Lupi 08 - Death Magic
Should have seen this when she was mopping up blood.
Voices at the front of the house. No time. She crammed the pottery shards behind a spring green throw pillow on the banquette, sat in the only remaining chair, and took a bite of a cookie.
“I told you,” Deborah was saying, her voice growing closer, “he went for a walk.”
“Was that before or after someone smashed your window?” Drummond asked.
“I didn’t know it had been broken until you asked me about it just now. I haven’t been at the front of the house.”
Lily washed down the bite with a sip of cold coffee just as Drummond strode into the room with Deborah a pace behind. Three more men followed behind the two of them—two she didn’t know, plus Mullins, who was looking especially dense and dull.
“I’m sure Ruben will be back soon,” Deborah said. “I don’t know what else to tell you.”
Drummond stopped when he saw Lily—but not like he was surprised. He smiled, cold and nasty, his eyes glittering with anger. “Look who beat me here. What a coincidence. You dropped by to chat with a suspect just before I came to arrest him.”
“You’re arresting Ruben?”
“He doesn’t seem to be here, does he? You know anything about that?”
Lily looked at those glittering eyes and her stomach lurched as if she were in an elevator headed down way too fast.
That wasn’t anger she saw. That was triumph. Drummond had just gotten exactly what he wanted. “How could I? I’m not part of the investigation anymore.”
“You got the last part right. Special Agent Lily Yu, you are under arrest.”
TWENTY-FIVE
IN the cold darkness beneath the oaks and hawthorns and elms, the world was moist and fragrant. Two wolves walked under those trees. Leaves crunched and released their mélange of scent-messages with every footfall. Impossible even for Rule to walk silently here, much less the raw new wolf who trailed him.
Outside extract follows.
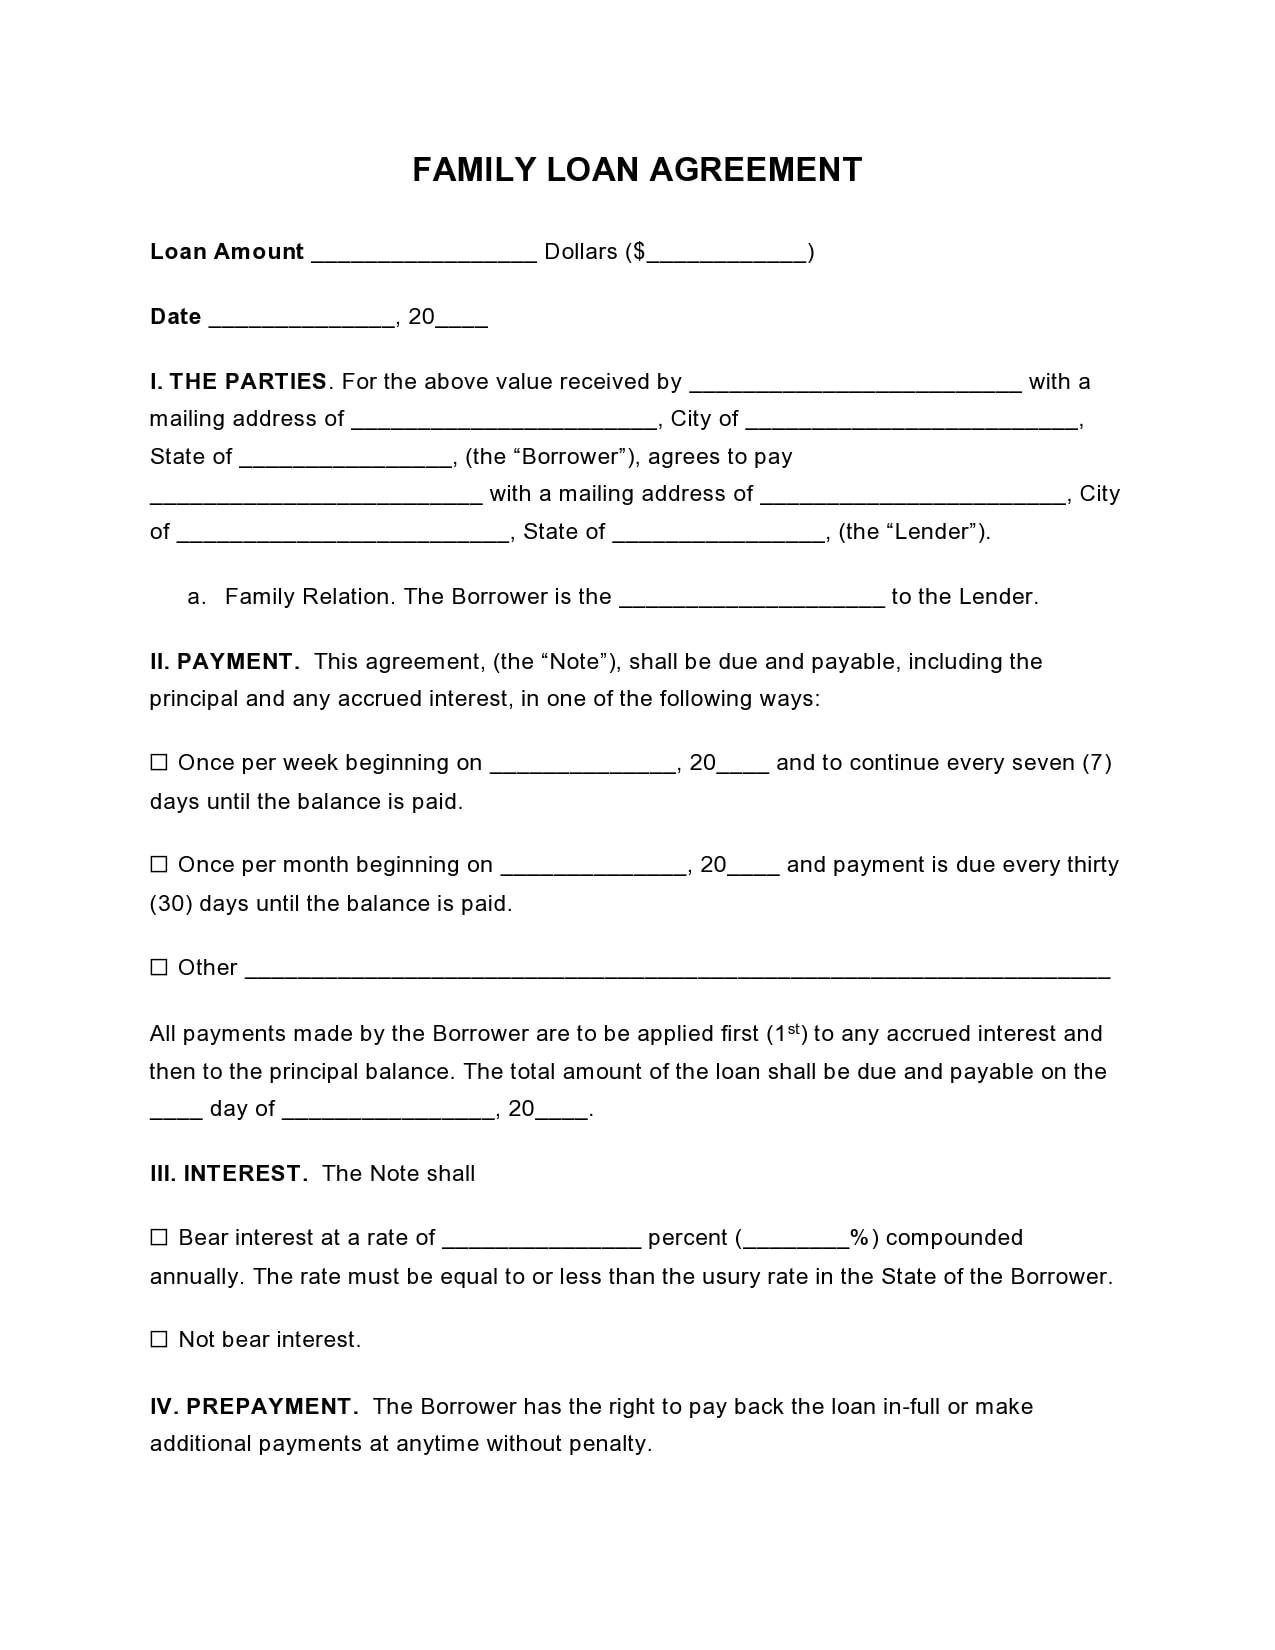 23 Simple Family Loan Agreement Templates (23% Free) Intended For collateral loan agreement template

Enough leafy canopy remained above them to hide the stars . . . though not the moon, not entirely. Fat and pale and so nearly full Rule’s eyes could barely limn the missing sliver, she lit their way and flooded them with moonsong. Behind him the new one paused as he had from time to time, so intoxicated by the scent-torrent the world poured upon him in shimmering abundance that he had to stop and smell. Just smell.
Rule paused patiently with him.
Tomorrow was full moon. The three days and nights leading up to full moon were the normal period for First Change. And that was the only normal thing about this particular First Change.
Rule didn’t think of the wolf who followed him as Ruben Brooks because he wasn’t. Surely he would be again. This First Change couldn’t be that different. But it would be a few days, perhaps a week, before memories and thoughts of his other form began to surface; another week before he was able to resume his original form for a time. That would happen at the new moon following First Change. Brand-new wolves often needed help with that Change, or at least strong encouragement.
Those first two weeks were a heady time, each moment brimming with newness and delight. Or they should be. The wolf keeping pace with Rule had known all too much confusion and fear. It boded ill for how man and wolf would weave their joint life in days to come.
Of course, until now, no lupi had ever been a forty-six-year-old man when First Change hit. They could hope that would make a difference.
Rule and the wolf who used to be Ruben Brooks wound through the trees along the west side of Dumbarton Oaks Park, roughly forty acres of woodlands in the middle of Georgetown. It had taken them hours to get this far. Some of that was due to the careful, roundabout way two wolves must travel in a populous city, but some had to do with the new wolf’s need to play.
Normally new wolves were born at First Change into bodies as gangly and unfinished as the boys they were before that moment—not puppies, no, but not fully adult, and with a youngster’s need to play and explore. This wolf needed that, too, though his body was fully mature. He and Rule had romped in Rock Creek Park—Mika was away from his lair, unfortunately, but Rule made sure they left their scent near it—and rolled in the creek as they followed it south. Once they reached Dumbarton, they’d snapped at scampering field mice near the Naval Observatory, then flushed a rabbit in the wooded area between the embassies of Denmark and Italy.